For natural gas report week, April 8, 2020, the EIA reported a net increase in storage of 38 Bcf, exceeding forecasts of injections ranging from 15 Bcf to 33 Bcf. Last year for the same week there was an injection of 25 Bcf and the five-year average is an injection of 6 Bcf.
Working gas in storage was 2,024 Bcf as of Friday, April 3rd, 2020 per EIA estimates. Inventory was reported at 876 Bcf (76.3%) higher than last year for the same week and 324 Bcf (19.1%) more than the five-year average of 1,700 Bcf.
Natural Gas Market Recap
May NYMEX
Settled Wednesday at $1.783/Dth down 6.9 cents from Tuesday’s close at $1.852/Dth.
12 Month Strip
Settled Wednesday at $2.346/Dth, up 13.2 cents from the prior week.
Seasonal Strips
The summer strip (MAY19-OCT19) settled Wednesday at $2.030/Dth, up 16.5 cents from the week prior. The winter strip (NOV19-MAR20) settled Wednesday at $2.705/Dth, up 10.6 cents from last week.
Natural Gas Weekly
Natural Gas Report – April 8, 2020
Natural Gas Fundamentals
Prompt month prices fell in response to this week’s bearish EIA storage report which came in well above last year’s injection and the five-year average. The drop follows a week of gains prompted by possible production cuts. Even though production fell by 1.5 Bcf/d by midweek, it’s still up more than 2.5 Bcf/d over last year. Demand remained steady from last week. The slight increase in power burn was offset by a drop in residential-commercial consumption due to warmer weather across the report week. That trend is expected to reverse as below-normal temperatures are expected for the next two weeks. Declining production and lower temperatures will likely yield bullish storage numbers through the end of April. That may give prompt month prices some support.
Higher Natural Gas Prices On The Horizon?
A recent report by Forbes indicates higher natural gas prices are likely by the end of 2020. “American producers’ response to low crude prices, including shutting in uneconomic wells and slashing drilling capital budgets by 30 percent and even 50 percent, will have a dramatic effect on domestic natural gas output as well as oil. Roughly 40 percent of U.S. gas production is so-called ‘associated gas,’ a byproduct of drilling for oil.” With expectations for natural gas production cuts by as much as 6 Bcf/d, gas markets could “go from being long during the summer months to being very short by the winter of 2020-2021.” Analysts suggest natural gas
prices could double by winter. This would stabilize America’s oil and gas industry which supports 4.5 million jobs for independent producers alone.

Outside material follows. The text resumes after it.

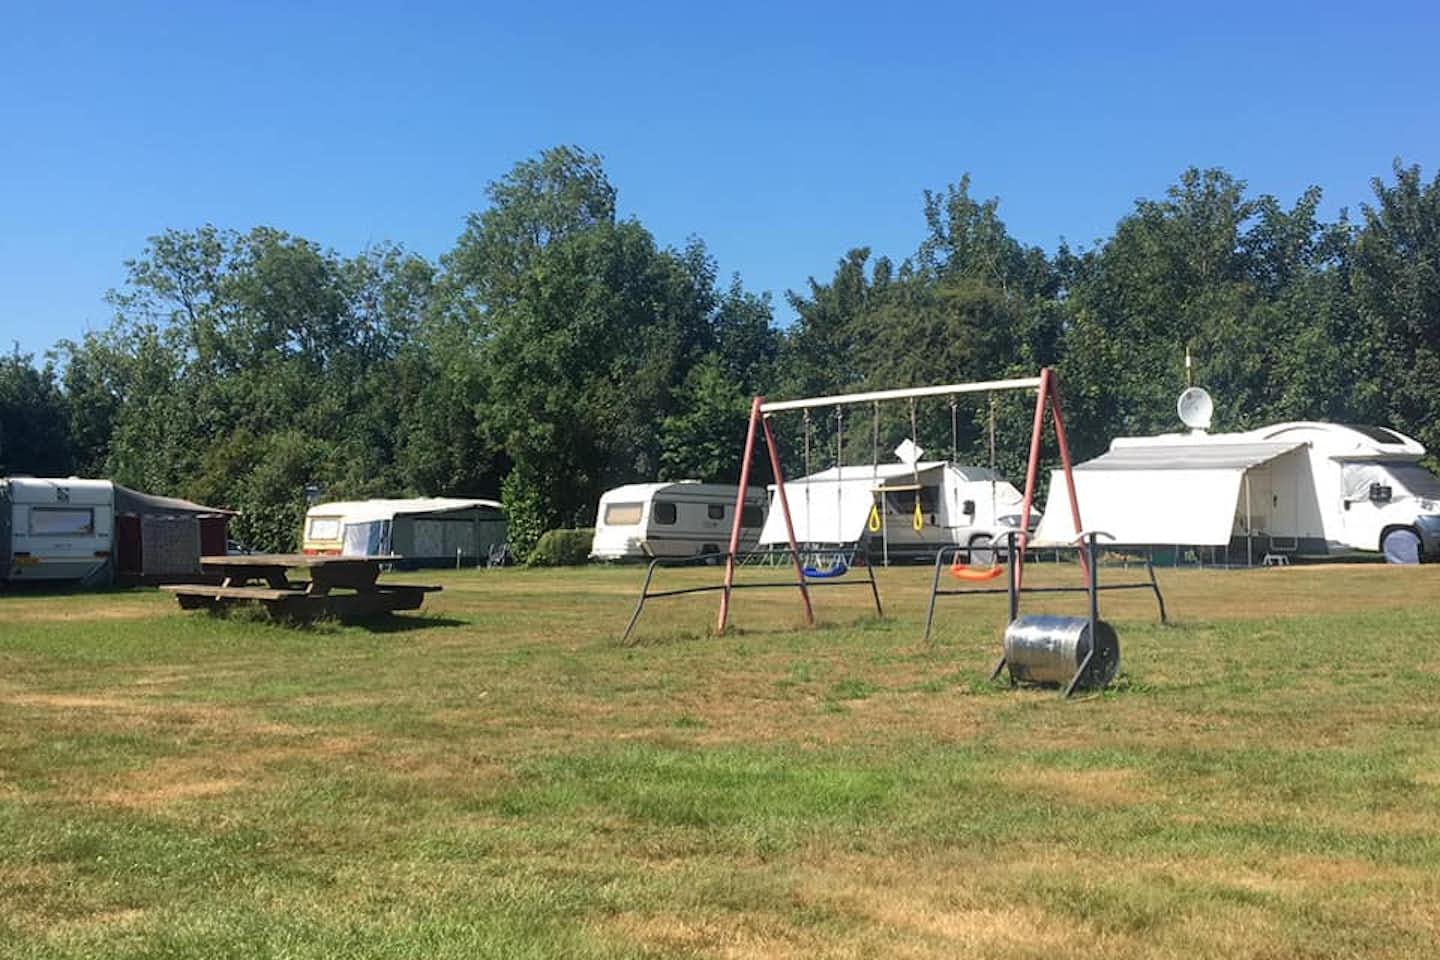 Vodatent @ Camping Eefting - Blick auf weitläufige Wiese mit Schaukel und Picknicktisch, dahinter Standplätze mit Wohnwagen

The currently backwardated market hints at the credibility of this forecast with 2021 calendar strips outpricing 2023. With a tentative ceasefire called in the Saudi-Russia oil war, the reduction of 20 million barrels of oil per day will alleviate immediate storage concerns. Nonetheless, the drop is unlikely to provide significant help for a heavily oversupplied market amid obliterated demand. To this end, production cuts are expected to continue.
Drastic Declines in Electricity Demand a Harbinger of Recession?
The New York Times examined the correlation between declines in electricity consumption and economic downturn. They asserted, “New data on electricity use in the past three weeks suggest a sharp decline in U.S. economic activity on par with that of the Great Recession. It may already be the deepest downturn since the Great Depression; it is certainly the fastest.” While the comparison is, in part, informed by history, recent history hasn’t experienced anything like the current pandemic. You can read the entire article here.
Independent of precise economic impact, declining demand for electricity may mean more trouble for an
oversupplied natural gas market. Outpacing coal and nuclear, a significant amount of natural gas is absorbed for electricity generation.